Марлон Джеймс - Краткая история семи убийств
Если не следить за тем, как ты спишь, то ты снова окажешься таким, каким тебя нашли живые. Меня они застали на полу с головой, как лопнувшая тыква; правая нога подвернута под спину, обе руки согнуты под немыслимыми углами. С вышины того балкона я смотрелся как раздавленный паук. Представая сразу в двух ракурсах – оттуда сверху и отсюда снизу, – я вижусь себе таким, каким меня видел мой убийца. Мертвые повторно проживают тот импульс движения, всплеск действия, вопль, и снова в той же последовательности: поезд, не умеряющий бега, пока не оторвался от рельсов; балконный выступ на шестнадцатом этаже того здания. Багажник машины, в которой иссяк запас воздуха. Тела хулиганистых юнцов, сдутые, как шарики, от шести десятков пуль.

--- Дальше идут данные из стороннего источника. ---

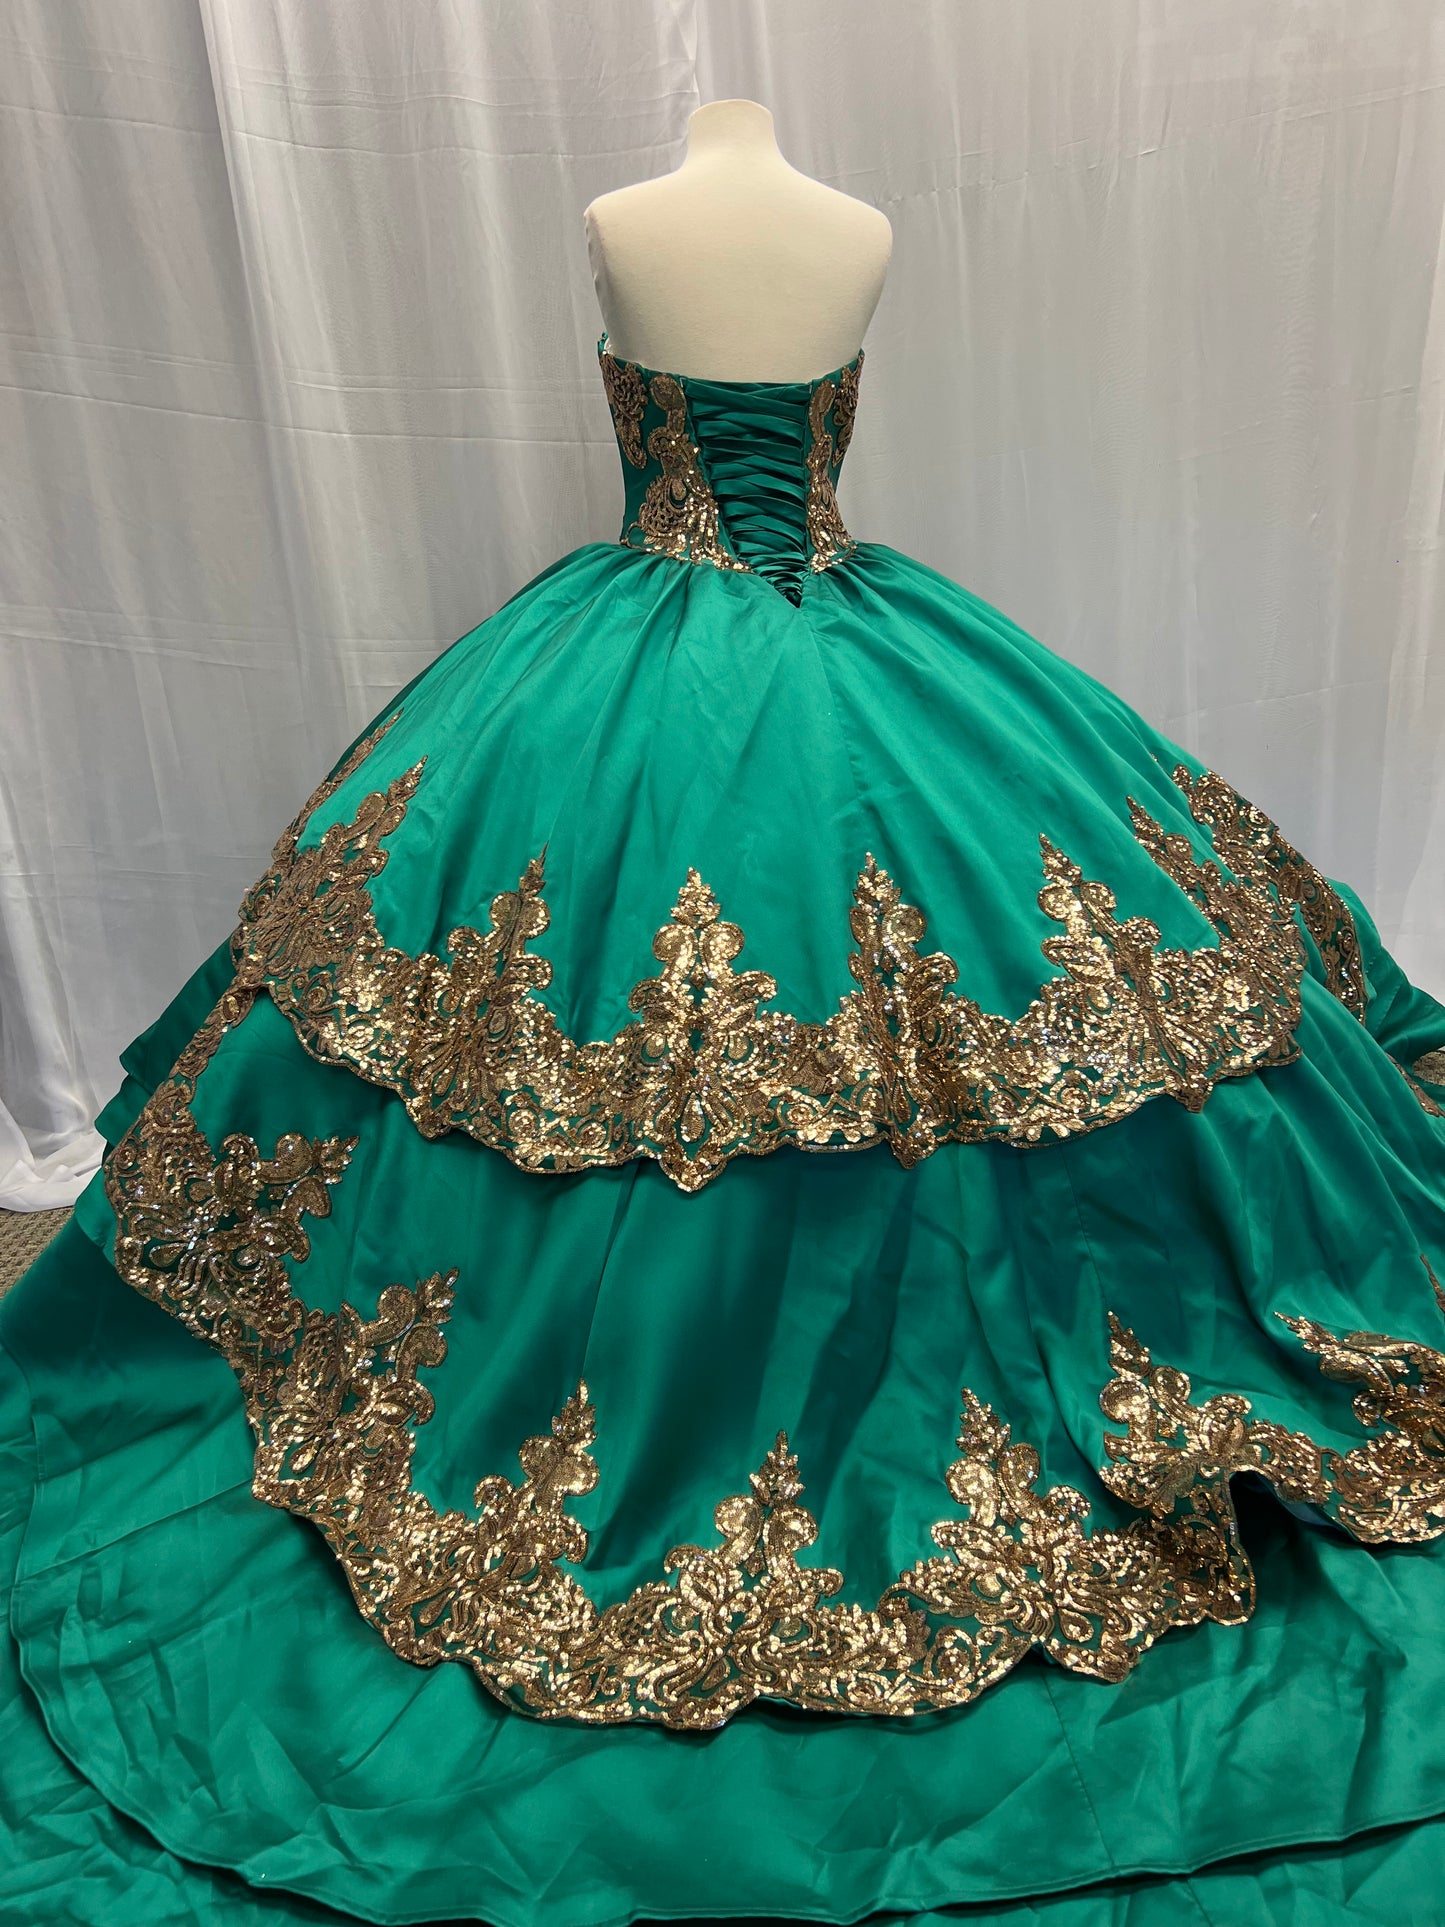 Mary's Emerald Dress #MQ3030
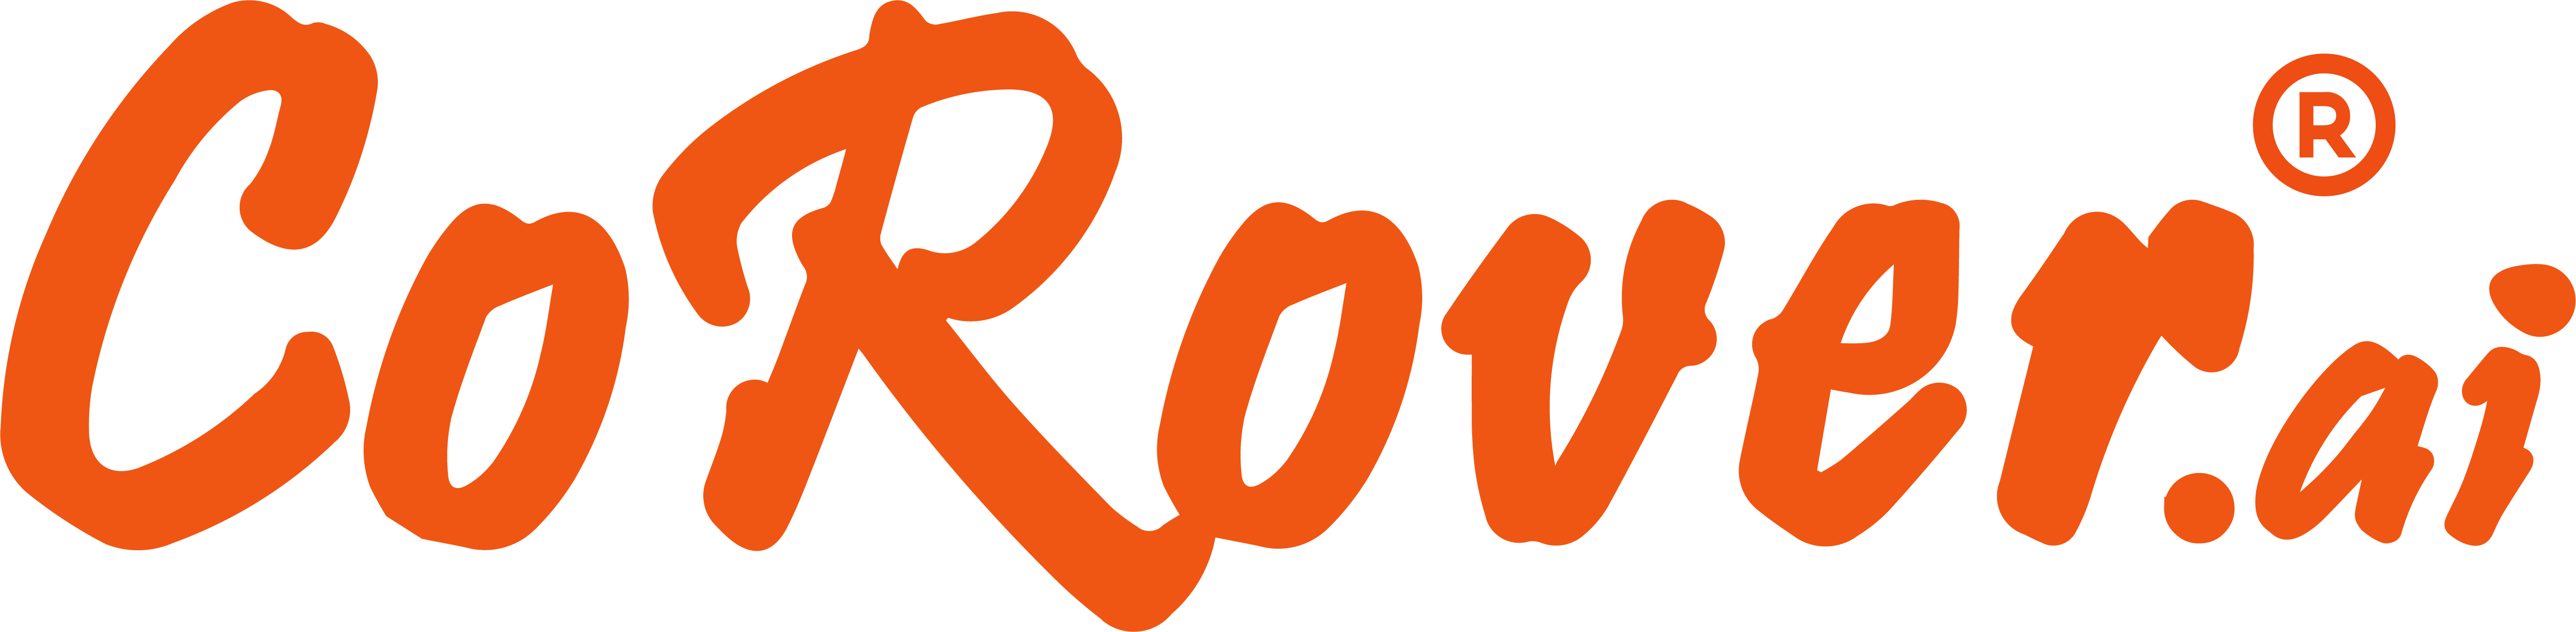 Logotipo da CoRover

Без посторонней помощи так не падает никто. Я знаю. Известно мне и то, как ты при этом выглядишь и что ощущаешь, – вспарывающее до самого низа воздух тело с прихваткой за клочья пустоты, с истошной, всего на раз, на гребаный единственный раз, молитвой: «Господи, сучий ты потрох! Да сделай же так, чтоб за воздух можно было хоть как-то зацепиться! Ну?!» И вот ты, все еще трепыхаясь, рушишься, а мраморный плиточный пол встает дыбом и с хрястом лупит тебя, потому как истомился в ожидании крови. И вот мы просыпаемся, все такие же мертвые: я – раздавленный паук, он – обугленный таракан. О гробах у меня памяти нет.
Слушайте же.
Живые ждут и видят, теша себя обманом, что у них якобы есть время. Мертвые, напротив, видят и ждут. Однажды я спросил свою учительницу в воскресной школе: если рай – место для вечной жизни, а преисподняя – другой ее край, то что превращает ее в ад? «Маленькие рыжие растрепы вроде тебя», – услышал я в ответ. Эта женщина до сих пор жива. Я вижу ее в богадельне «Эвентид», где она превращается в рухлядь, уже наполовину выжив из ума, не помня своего имени и с таким тихим шелестом вместо голоса, что никому невдомек, как она пугается наступления темноты, потому что тогда к ней поспешают крысы, щекотать и покусывать ее старчески искривленные пальцы ног. Но вижу я не только это. Стоит мне как следует вглядеться и посмотреть чуть влево, как становится видна страна – все такая же, как когда я ее покинул. Она никогда не меняется, равно как и люди, вокруг которых я отираюсь. Они все такие же, как на момент моего ухода, и перемена возраста не имеет значения.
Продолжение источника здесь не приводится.